Karena strategisnya kisah Aji Saka ini, maka muncullah minat sejumlah Orientalis dan misionaris Kristen untuk turut serta mencipta klaim-klaim baru Philip van Akkeren dalam “Sri and Christ: A Study of the Indigenous Church in East Java”, misalnya, berupaya mengkaji kisah Aji Saka dalam Serat Paramayoga karya R. Ng. Ranggawarsita. Hasilnya, Van Akkeren menyimpulkan bahwa Ranggawarsita, pujangga Jawa, memiliki “ketertarikan” terhadap agama Kristen. Alasannya, karya tersebut memuat cerita tentang Nabi Isa. Van Akkeren menyebutkan bahwa sebelum datang ke Jawa, Aji Saka telah masuk ke dalam agama Kristen di Yerusalem.(Akkeren, 1970: 46)

Konklusi Philips van Akkeren ini memiliki pengikut di Indonesia. Bambang Noorsena, tokoh Kristen Orthodoks Syria, dalam buku “Menyongsong Sang Ratu Adil : Perjumpaan Iman Kristen dan Kejawen”  menggambarkan bahwa Aji Saka telah mengalami persentuhan dengan iman Kristen dengan menyembah Tuhan yang Maha Esa melalui Nabi Isa. Selanjutnya Noorsena mengutip pendapat Philip van Akkeren bahwa: ”dalam kisah Ranggawarsita ternyata simpati besar disisihkan bagi Kristus”. (Noorsena, 2007:209-210).

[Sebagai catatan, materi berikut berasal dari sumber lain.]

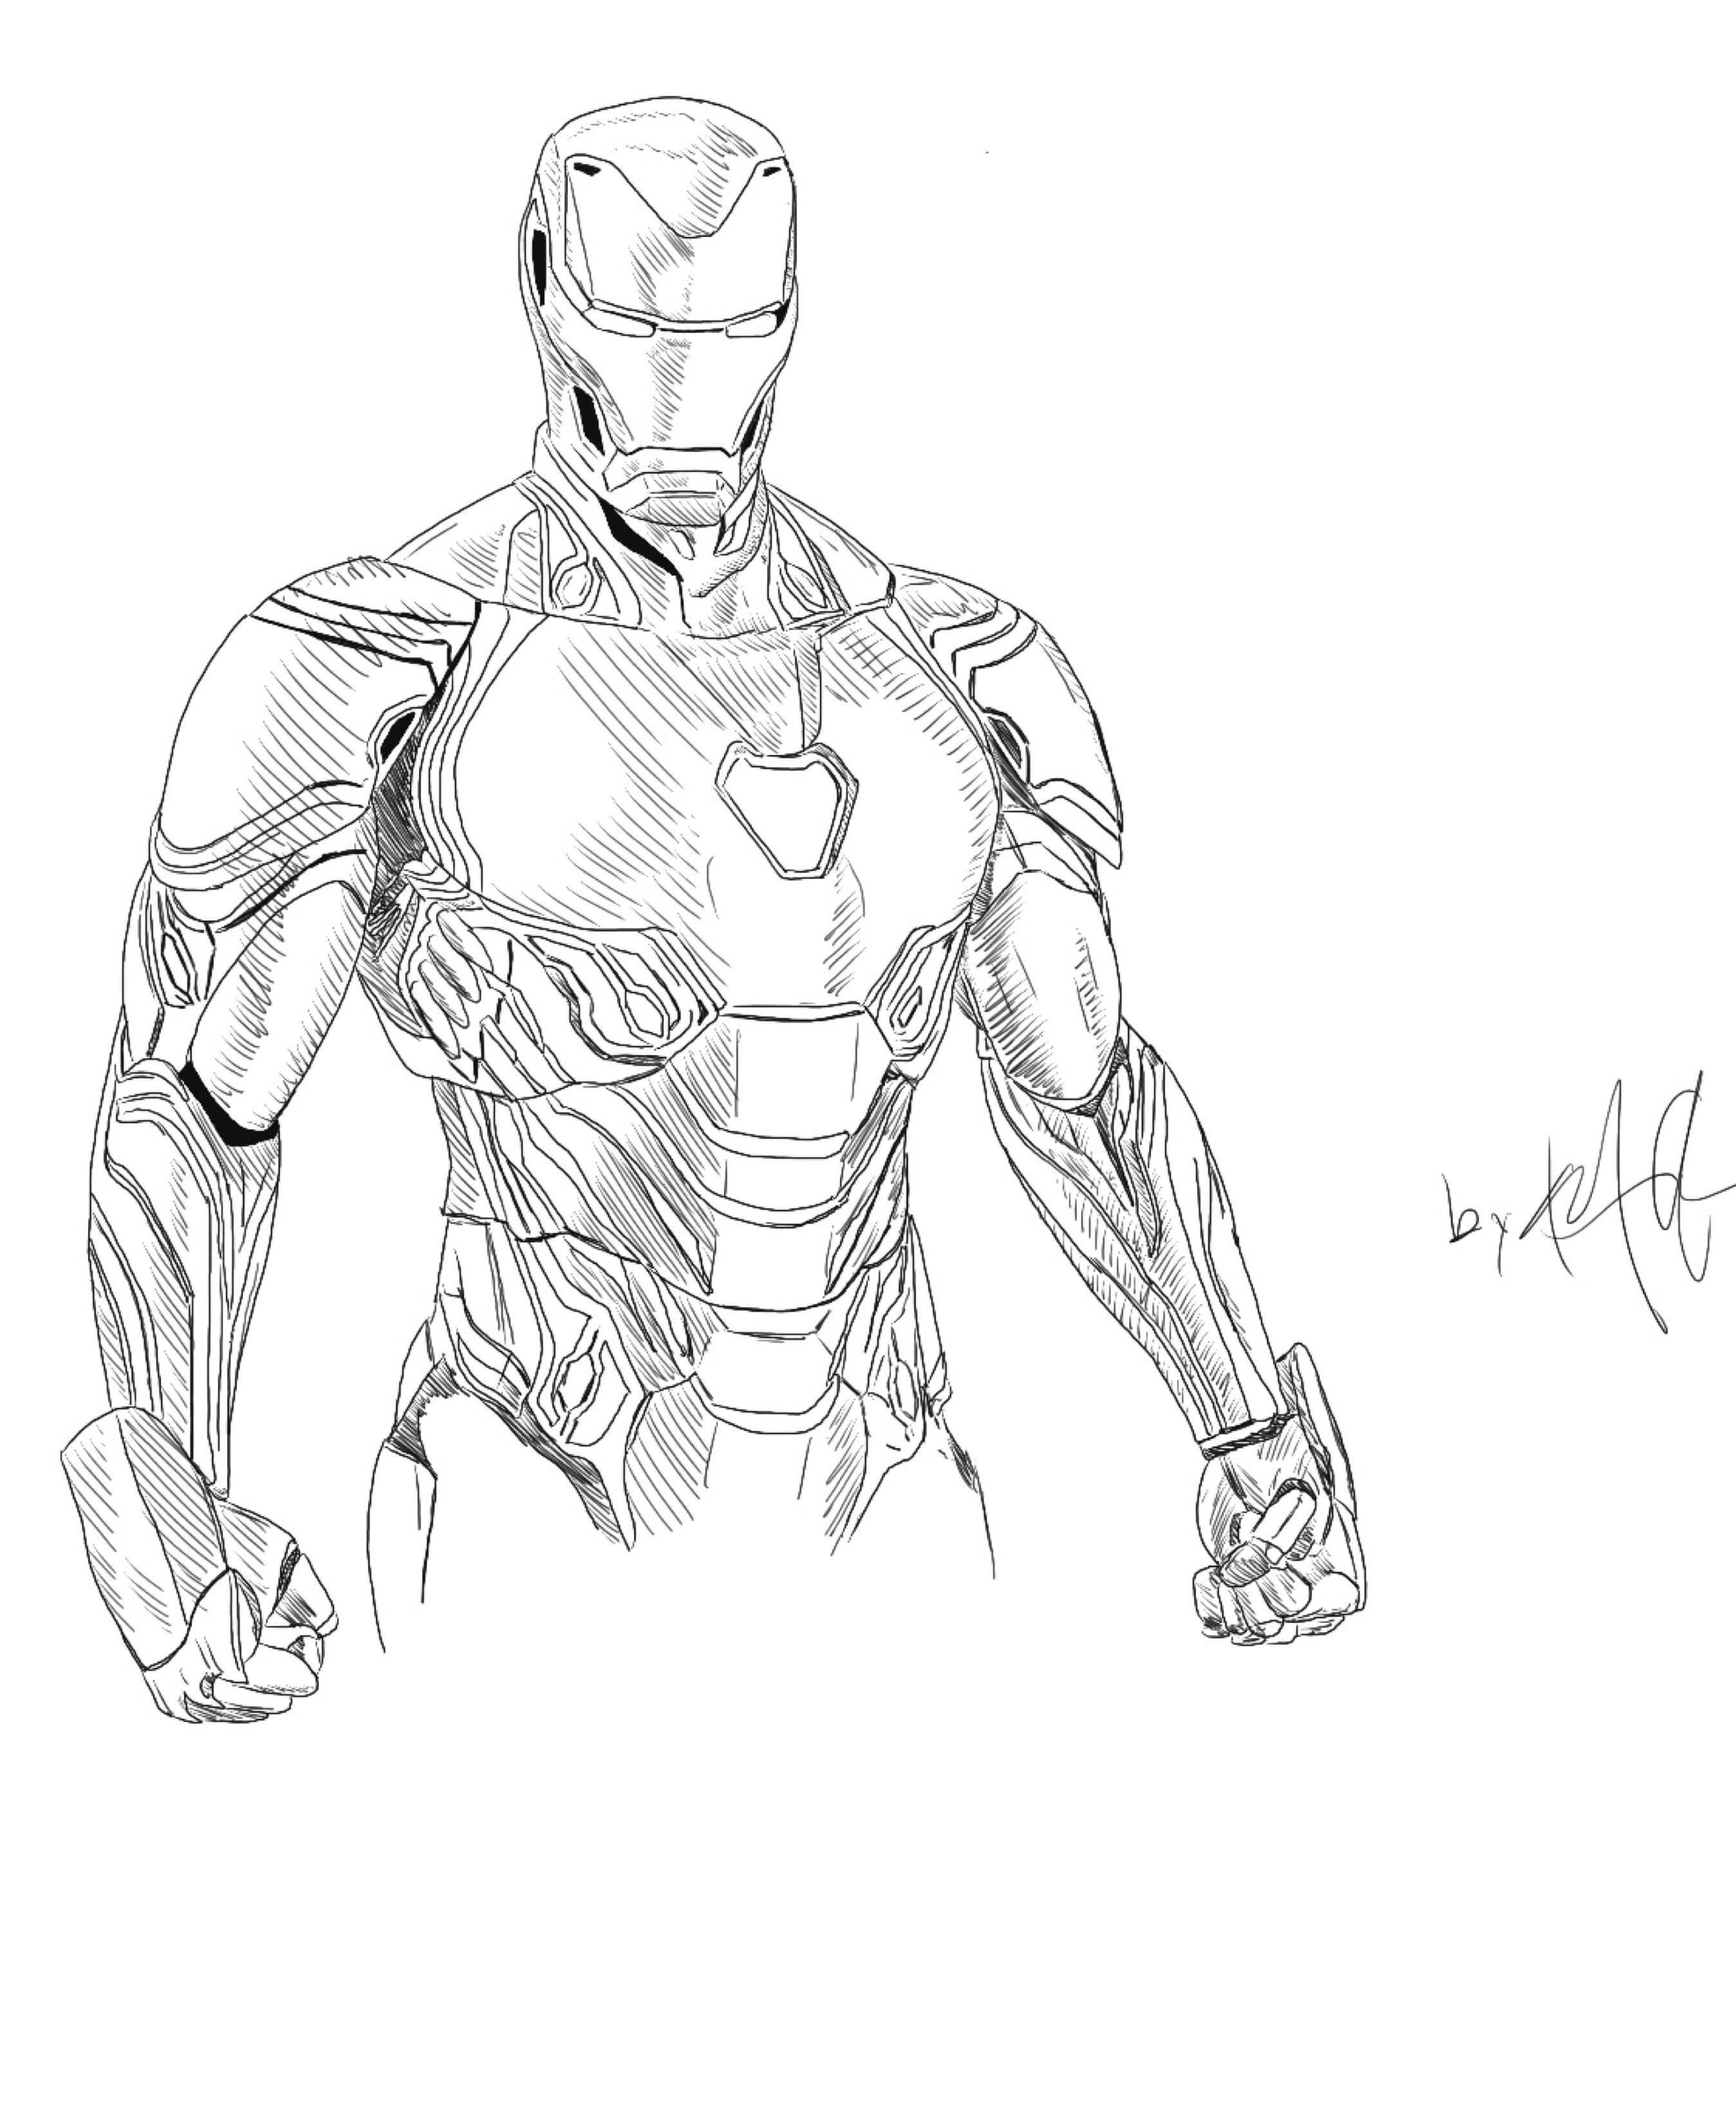 Dibujos De Iron Man Para Colorear Paginas Para Colorear
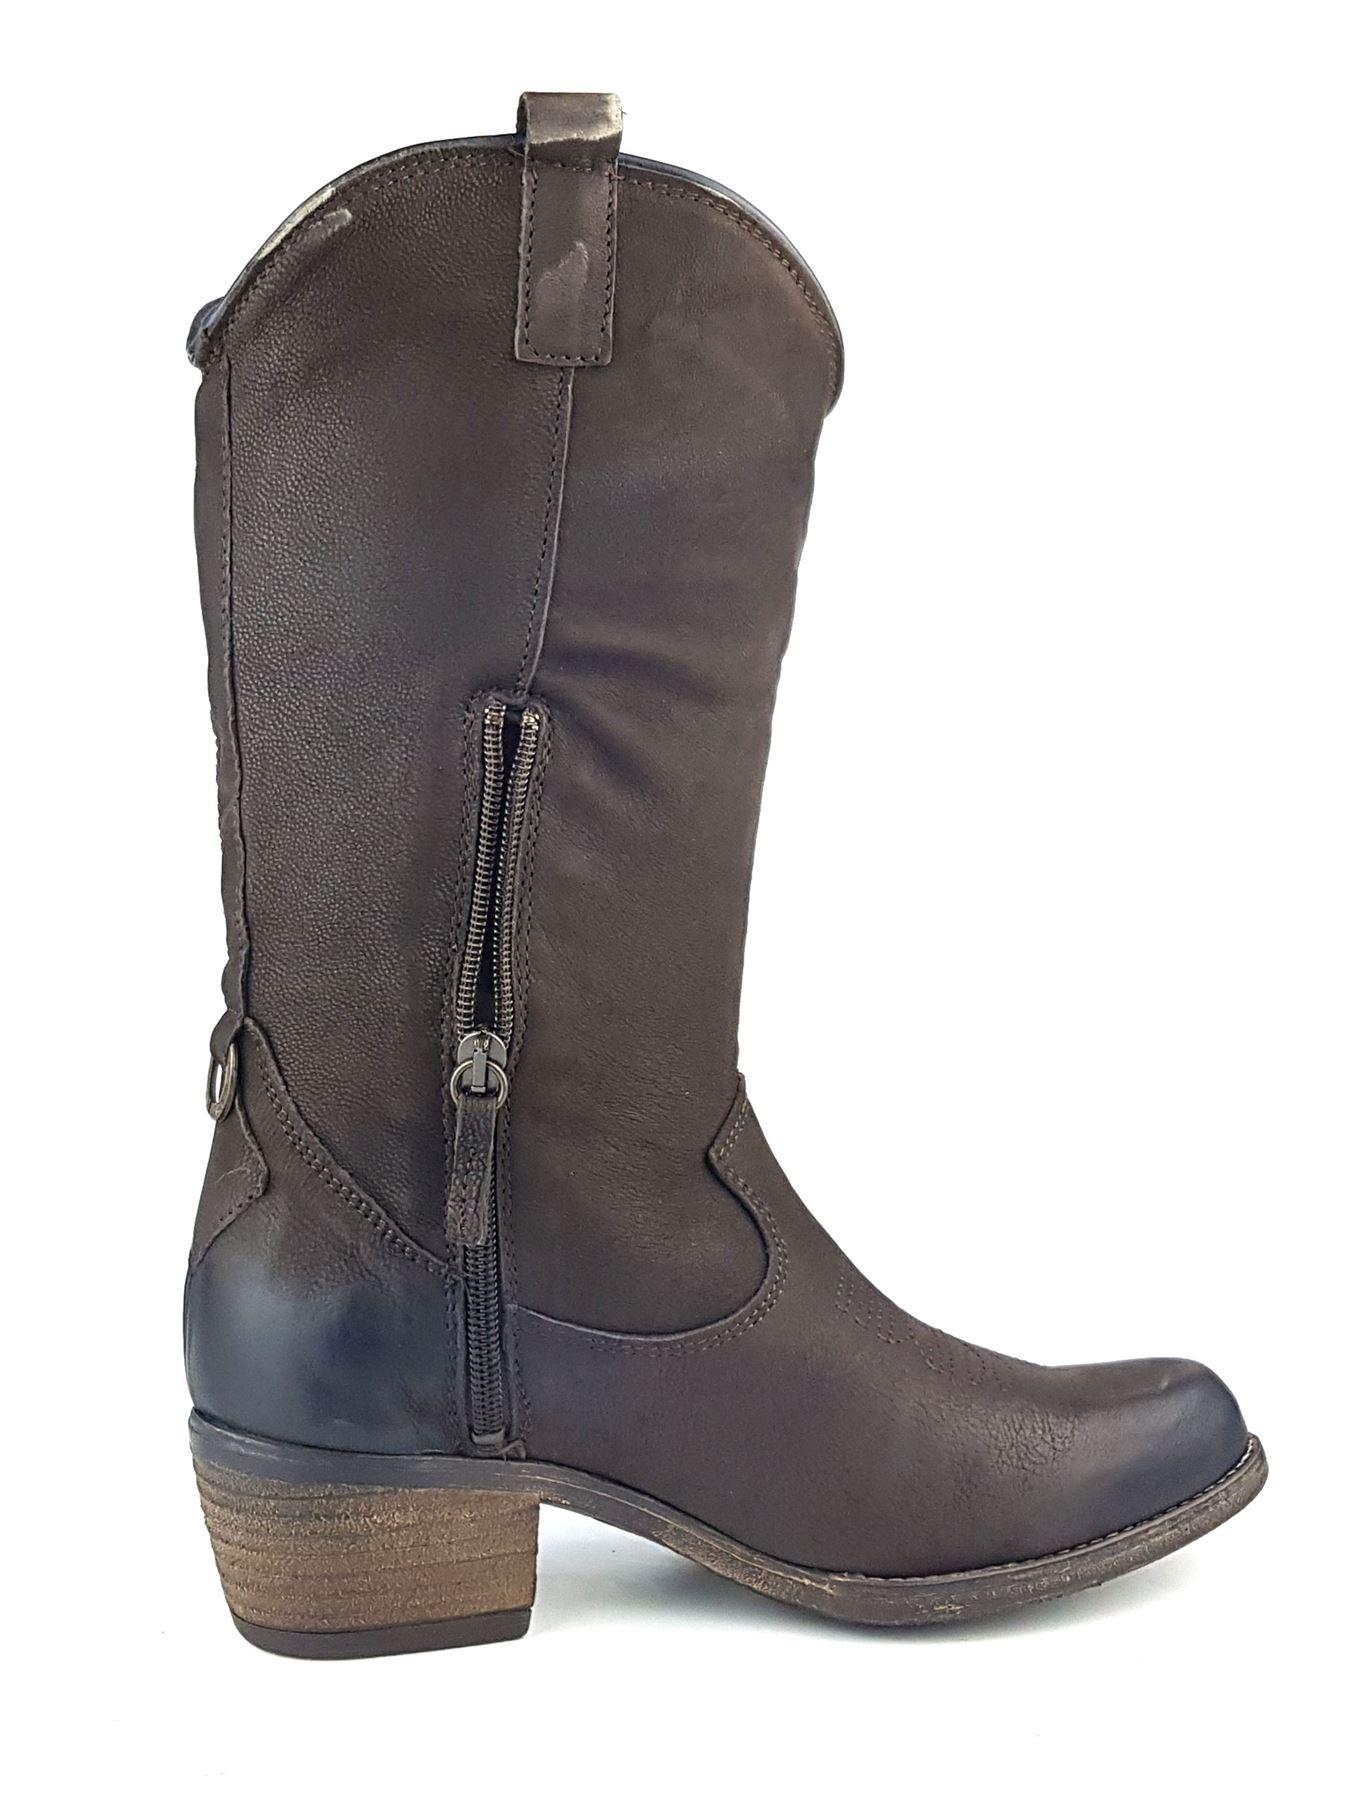 Wrangler Carson Hi Knee High Leather Chelsea Cowboy Heel Boots Dark Brown

Sebenarnya, isi Paramayoga sendiri banyak mengambil inspirasi dari cerita pewayangan dan kisah para nabi mulai dari Adam hingga Muhammad. Awalnya, Aji Saka berguru kepada Dewa Wisnu di India. Setelah semua ilmu mampu diserap, Dewa Hindhu itu menasihati agar mencari kesejatian hidup dengan melanjutkan berguru kepada seorang imam yang lebih mumpuni bernama Ngusman Ngaji. Pada era itu diceritakan bahwa Nabi Isa sedang mengemban risalah di kalangan Bani Israil. Aji Saka meminta ijin kepada gurunya untuk menjadi sahabat (murid) Nabi Isa. Ngusman Ngaji tidak mengijinkan, sebab ia mengetahui takdir bahwa Aji Saka akan menjadi pengikut setia Nabi Muhammad dan menghuni Pulau Jawa.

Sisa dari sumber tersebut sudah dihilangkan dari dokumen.